Exercise goal: Using the listing below, print the line containing "Adidas, Czapka, BBALL", the line containing "Adoro o design de camisetas Kalimba", and each line between them, exactly and nothing else. Pictures stay out of the print.
**** Data for analysis
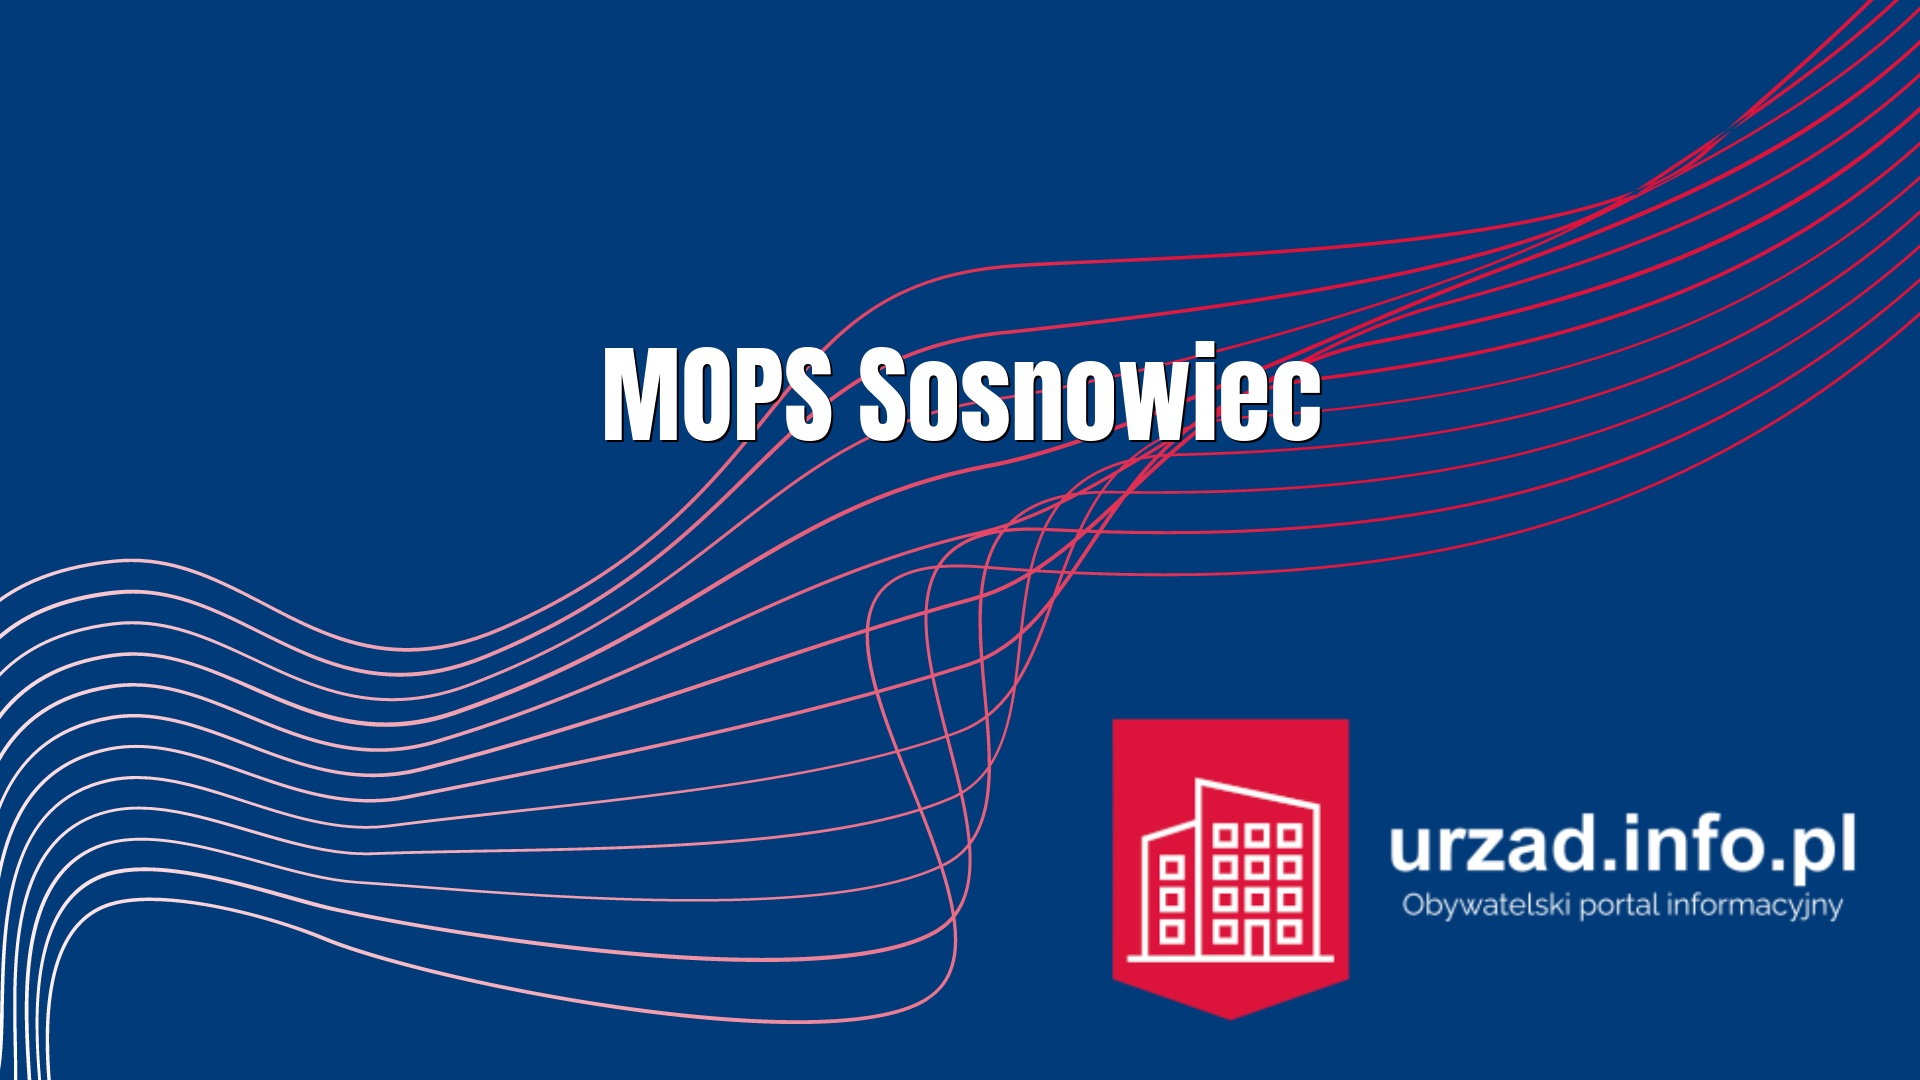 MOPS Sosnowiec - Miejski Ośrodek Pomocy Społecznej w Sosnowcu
********
**** Data for analysis
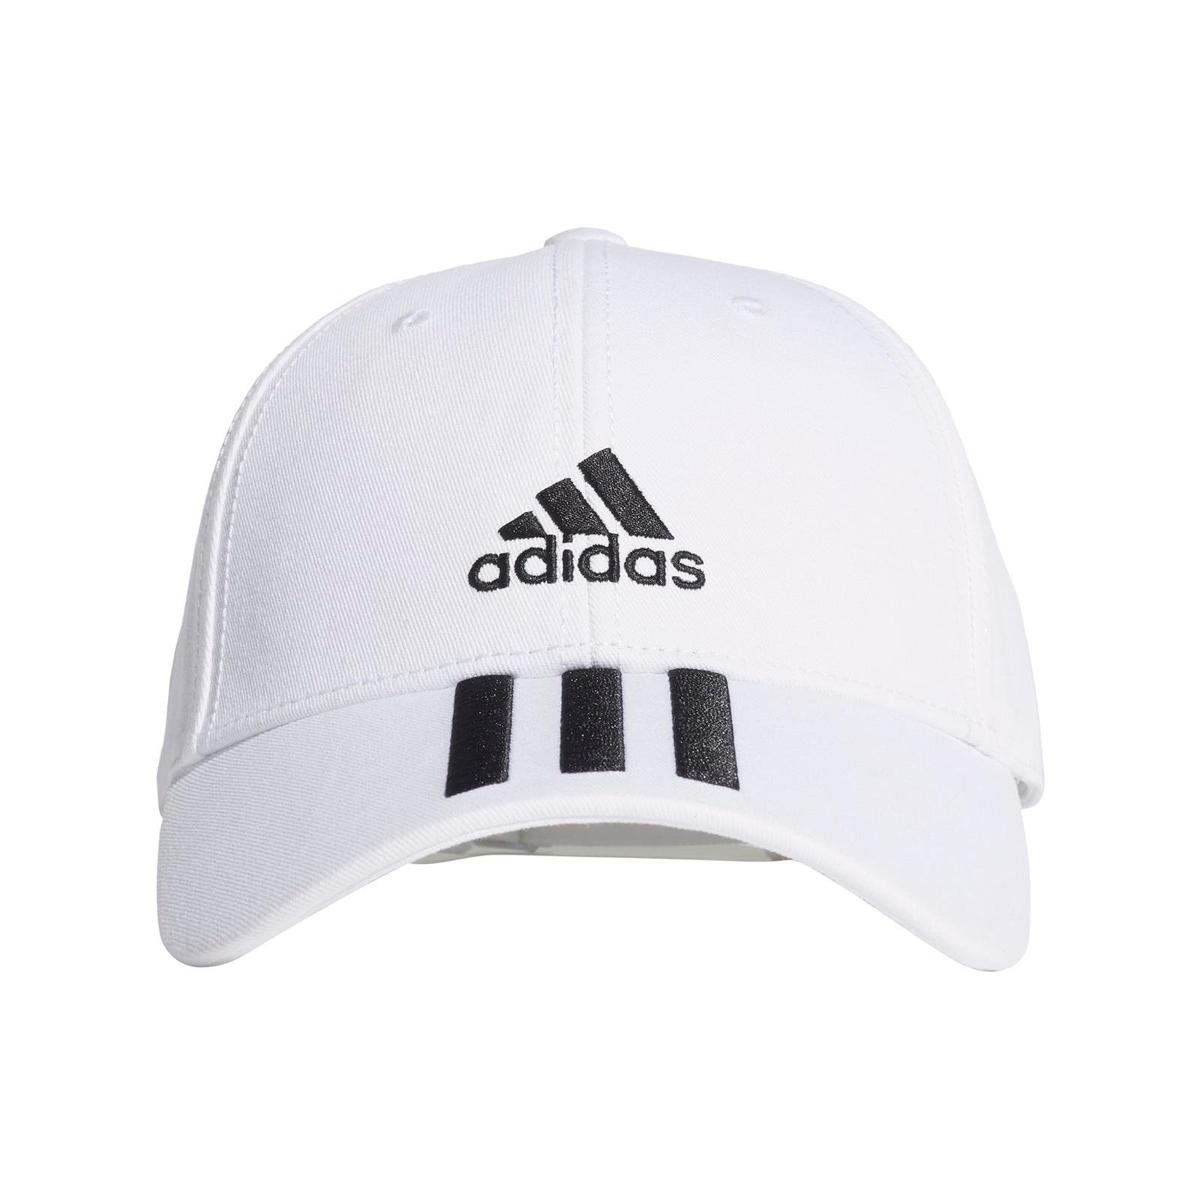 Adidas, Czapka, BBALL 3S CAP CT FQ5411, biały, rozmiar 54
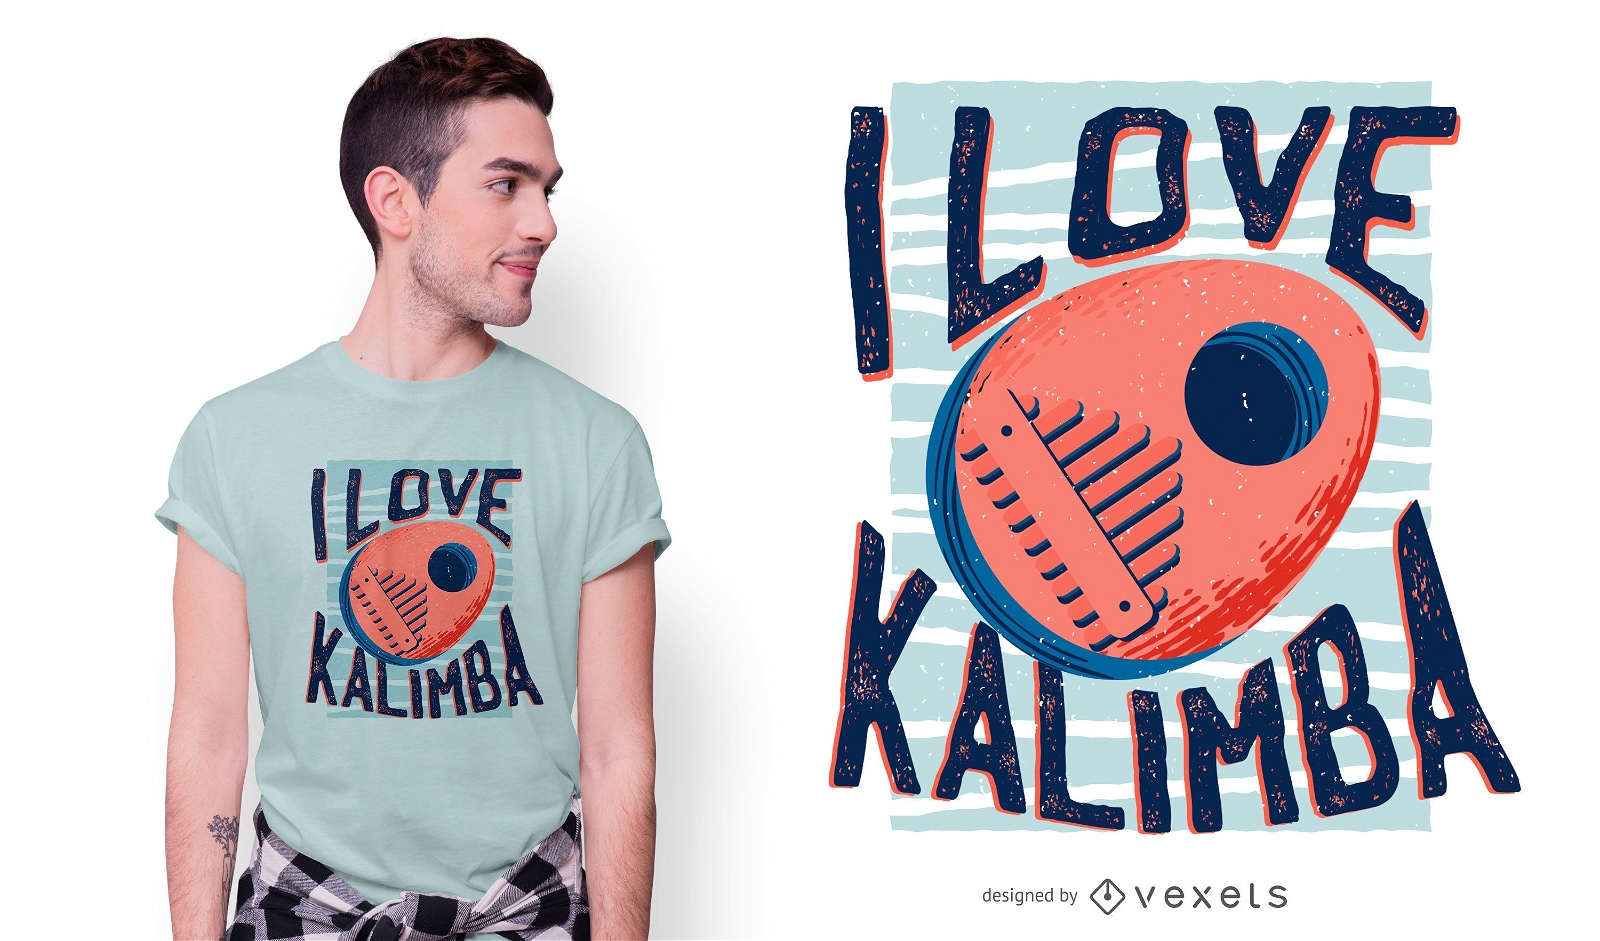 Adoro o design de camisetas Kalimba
********
**** Data for analysis
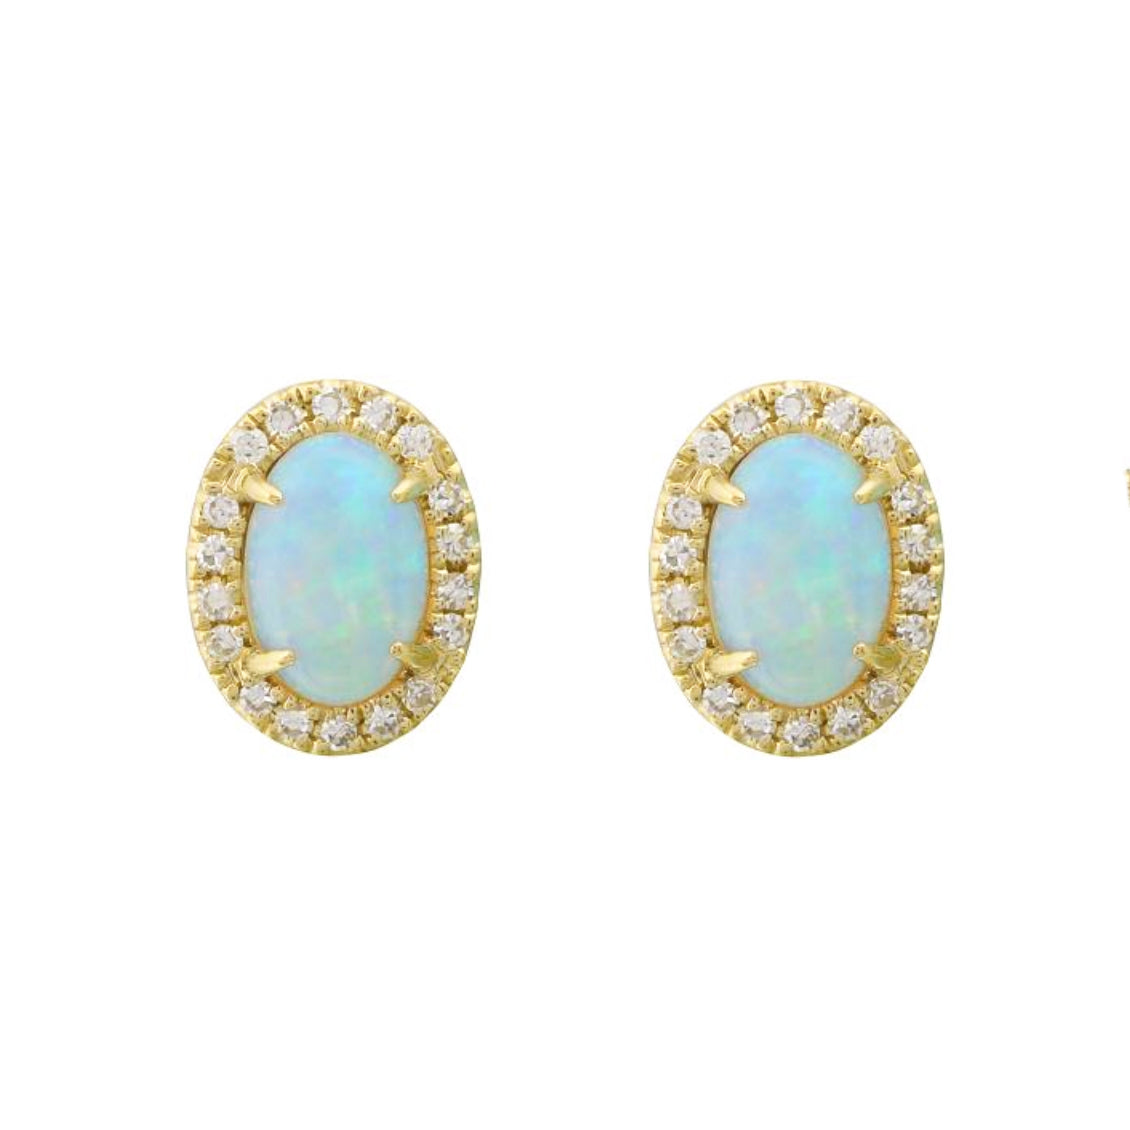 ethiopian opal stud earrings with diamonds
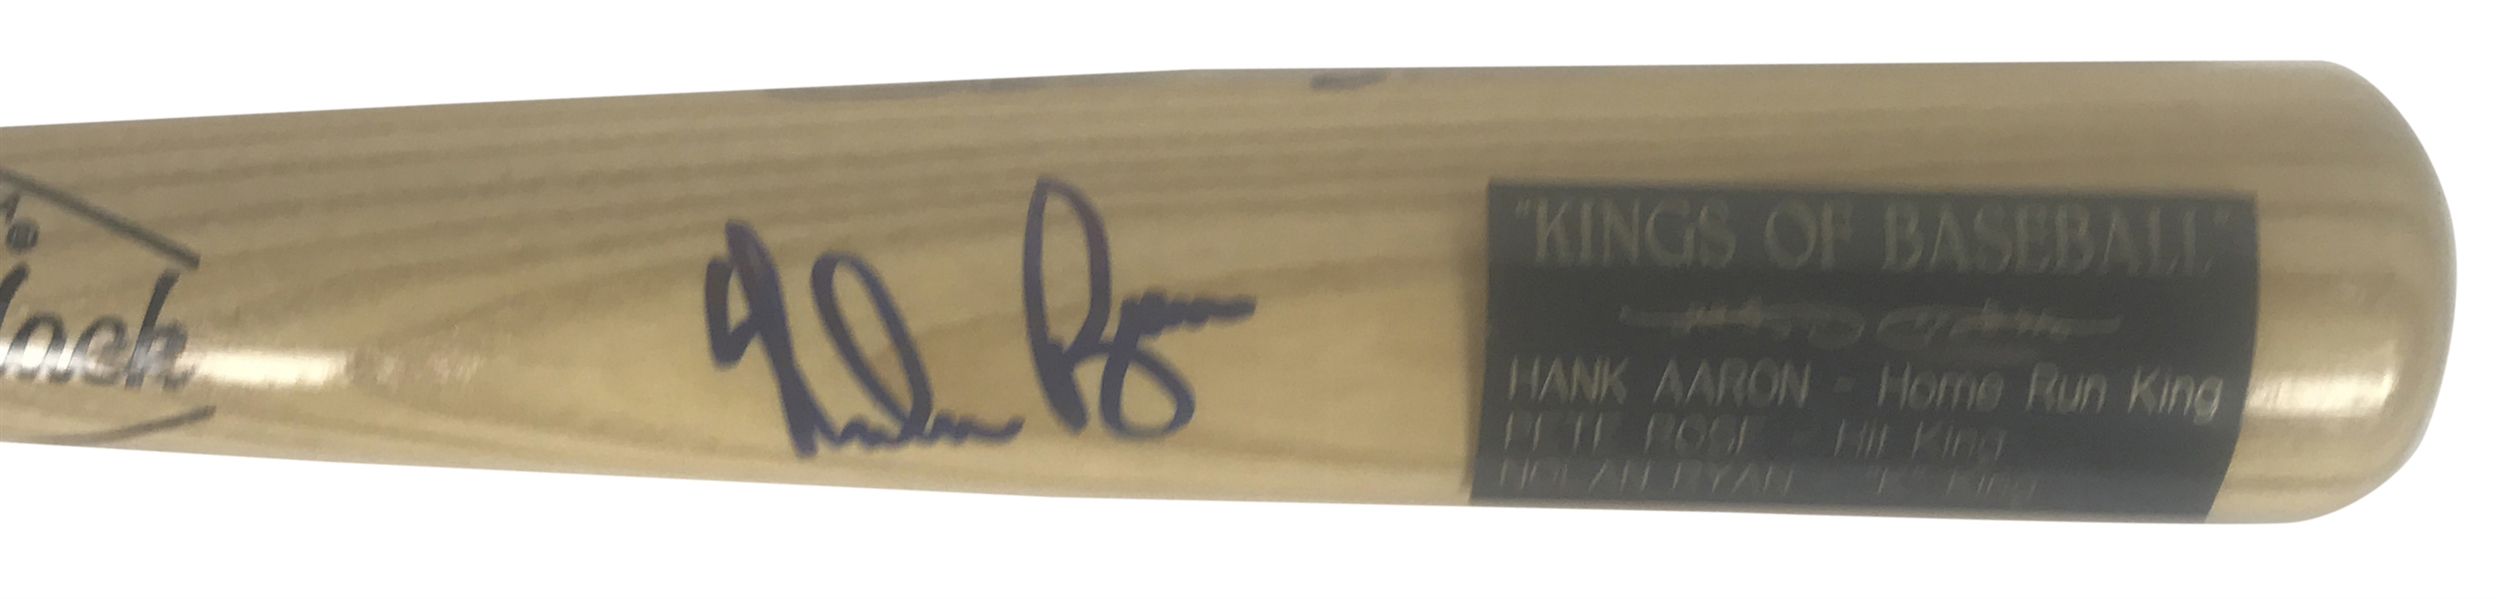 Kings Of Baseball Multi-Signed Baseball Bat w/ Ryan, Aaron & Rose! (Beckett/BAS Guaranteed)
********
Result of this exercise:
 Adidas, Czapka, BBALL 3S CAP CT FQ5411, biały, rozmiar 54
 Adoro o design de camisetas Kalimba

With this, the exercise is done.